Around 100 young people from schools across Essex learnt more about the work of the county’s emergency services at a special event held last week.
The Police, Fire and Crime Commissioner for Essex and the Young Essex Assembly hosted a Blue Light Youth Conference at the Hamptons in Great Baddow. Young people going along heard from and met representatives from Essex Police, Essex County Fire and Rescue Services and East of England Ambulance Service.
Stars of the show though were the Essex Police dogs, who didn’t paws for thought when asked to pop in and do a meet and greet session. Police Dog Rex, Retired Police Dog Baloo and new boy on the block Bruce the puppy got everyone’s tails wagging.
It’s the second time the event has taken place. This time the young people attending had the opportunity to chat to Roger Hirst, the Police, Fire and Crime Commissioner on community safety issues as well as learning about topics that mattered to them including human trafficking, hate crime and how to stay safe online.

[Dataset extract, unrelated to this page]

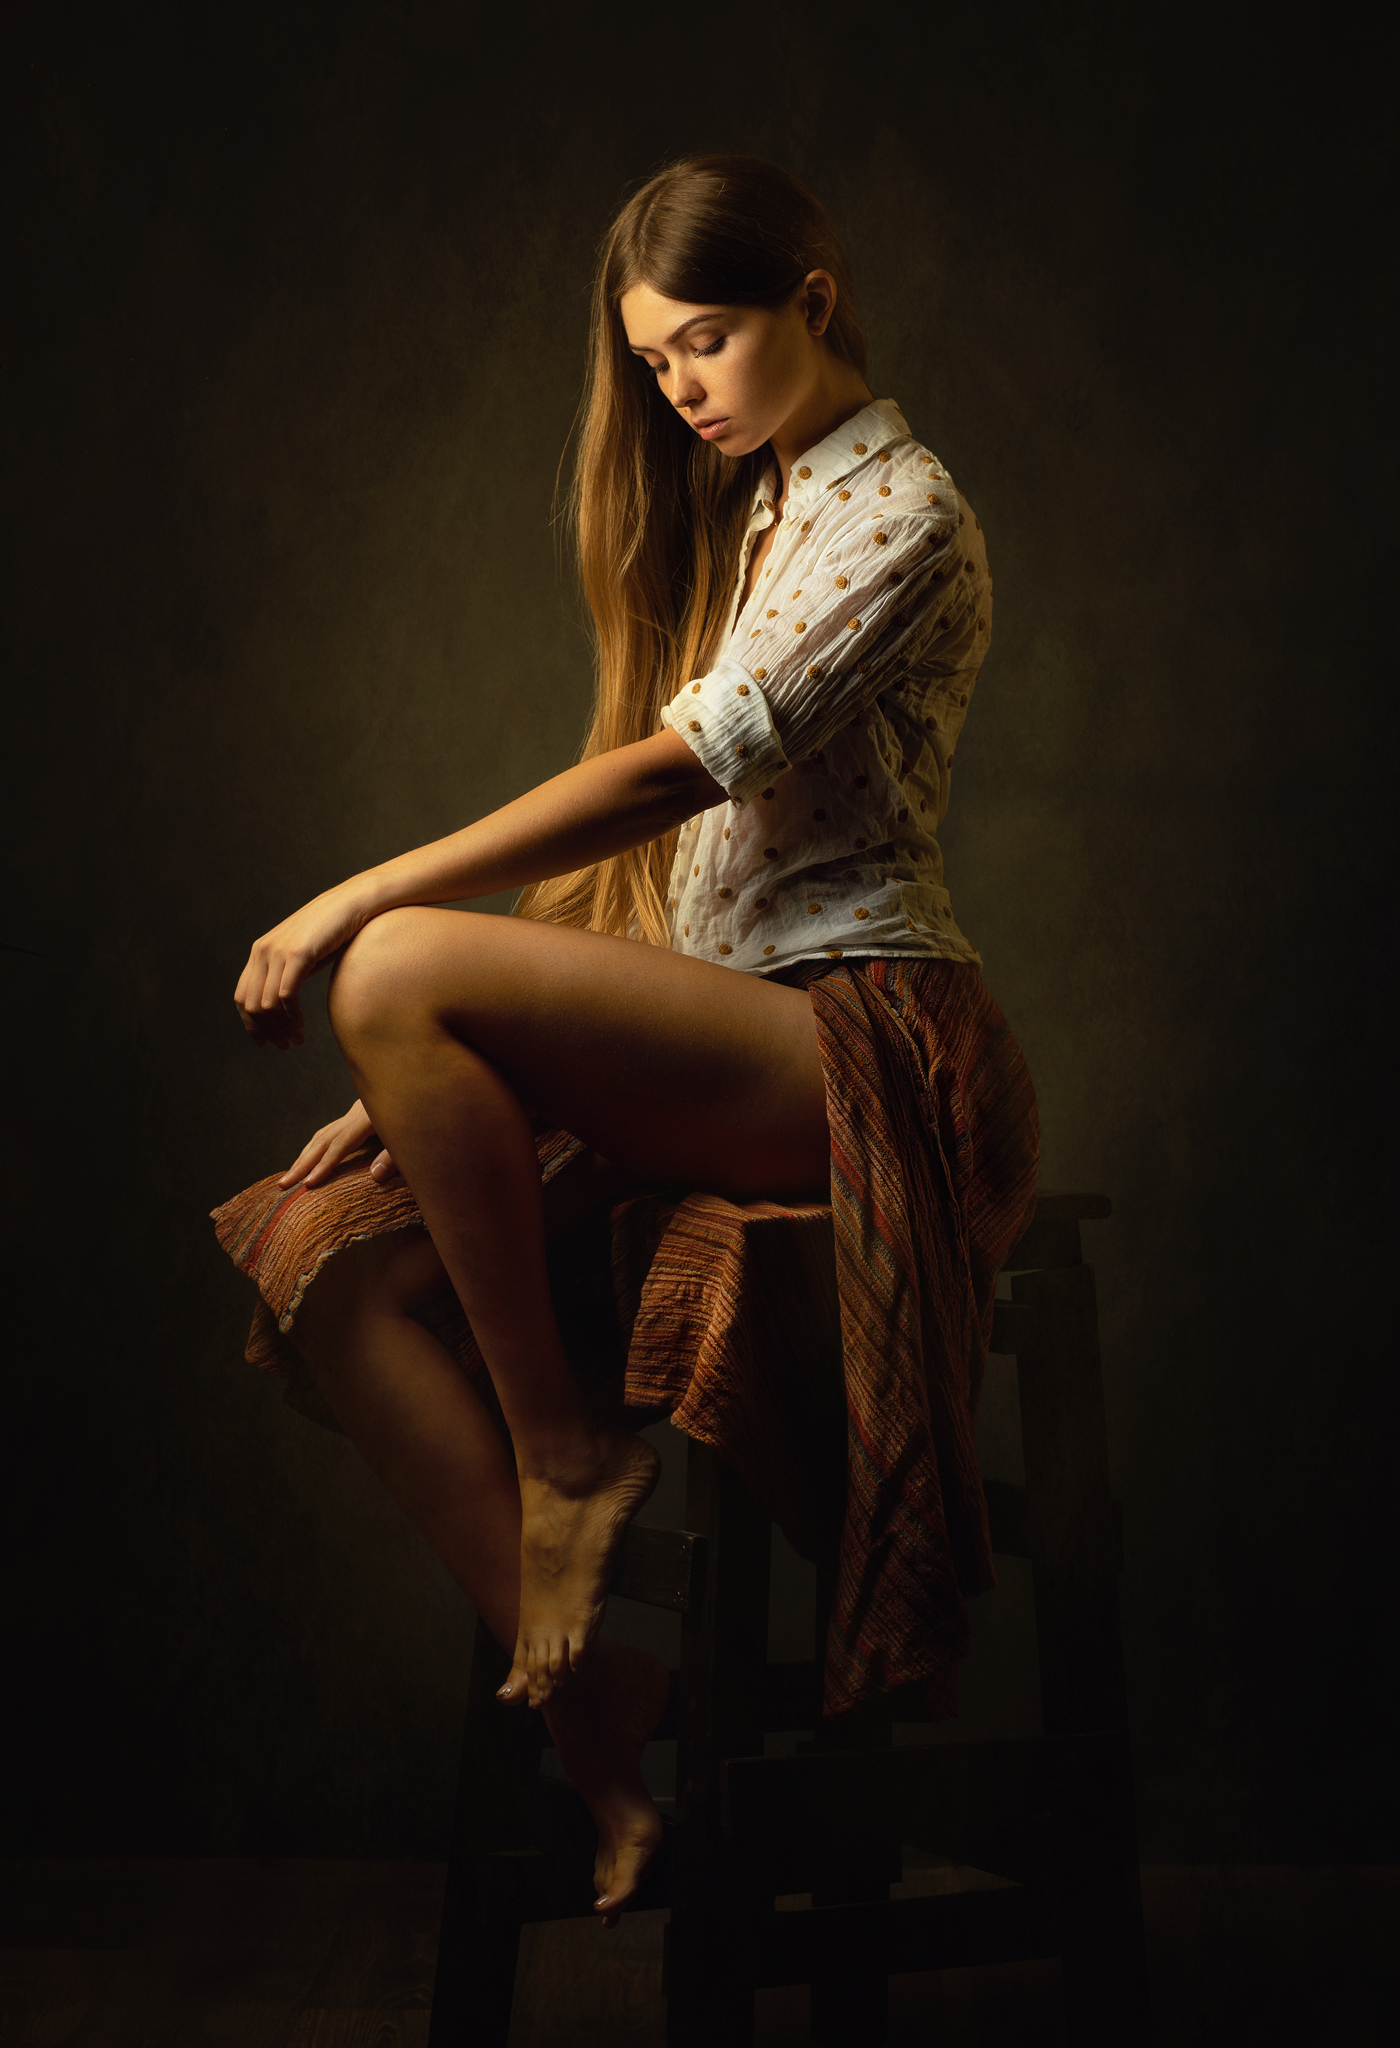 Zachar Rise Women Brunette Long Hair Shirt Skirt Barefoot Chair Warm Light Studio Women Indoors Legs 1400x2048

They also took part in interactive sessions with the Southend Combat Academy, the Firebreak team from Essex County Fire and Rescue Service as well as finding out about what it is like to be a frontline paramedic.
Roger Hirst, Police, Fire and Crime Commissioner for Essex, said: “This was a really exciting event for us and an excellent opportunity to find out what young people in the county think about their emergency services.

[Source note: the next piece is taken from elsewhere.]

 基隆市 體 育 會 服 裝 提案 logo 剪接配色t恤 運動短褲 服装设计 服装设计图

“They asked us all some great questions and it’s clear that young people are really passionate about finding out more about the people who protect and look after them.

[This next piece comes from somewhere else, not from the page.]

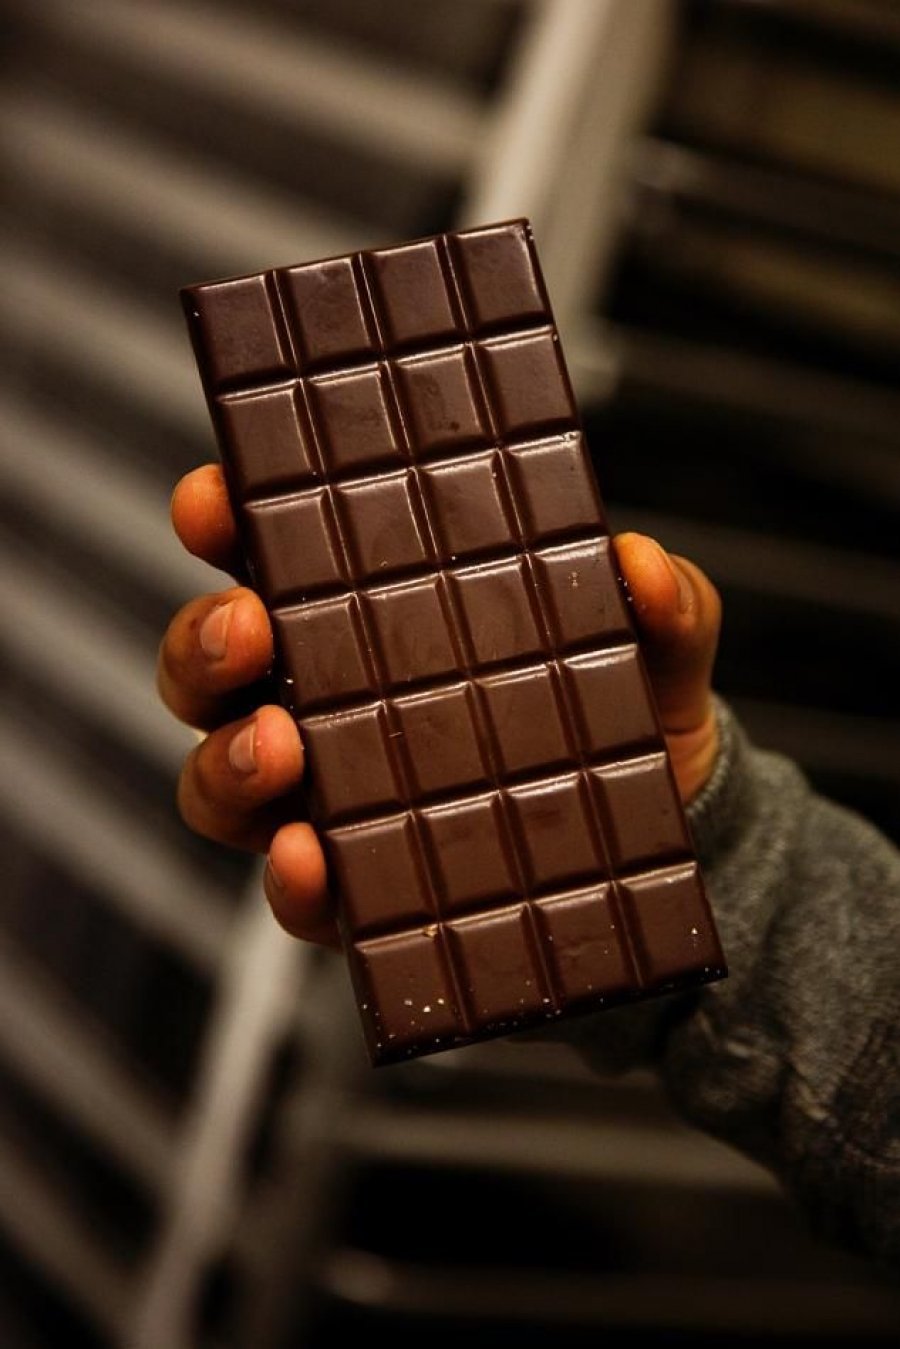 Видео с шоколадкой. Шоколадка. Плитка шоколада. Плиточные шоколадки. Плиточка шоколада.

“Hopefully they also took away some valuable life skills to help keep them safe. It was good to hear their views too as it really helps us to shape our plans.”
The Young Essex Assembly is the youth council for Essex and gives members the opportunity to have an influence on issues affecting young people in the county. Elected members are aged 11 to 19 and mirror the number of county councillors in Essex, with 75 seats representing various parts of the county. Members are in office for a period of two years and, supported by Essex County Council’s Youth Service, are encouraged to campaign for changes they believe will benefit the lives of their peers.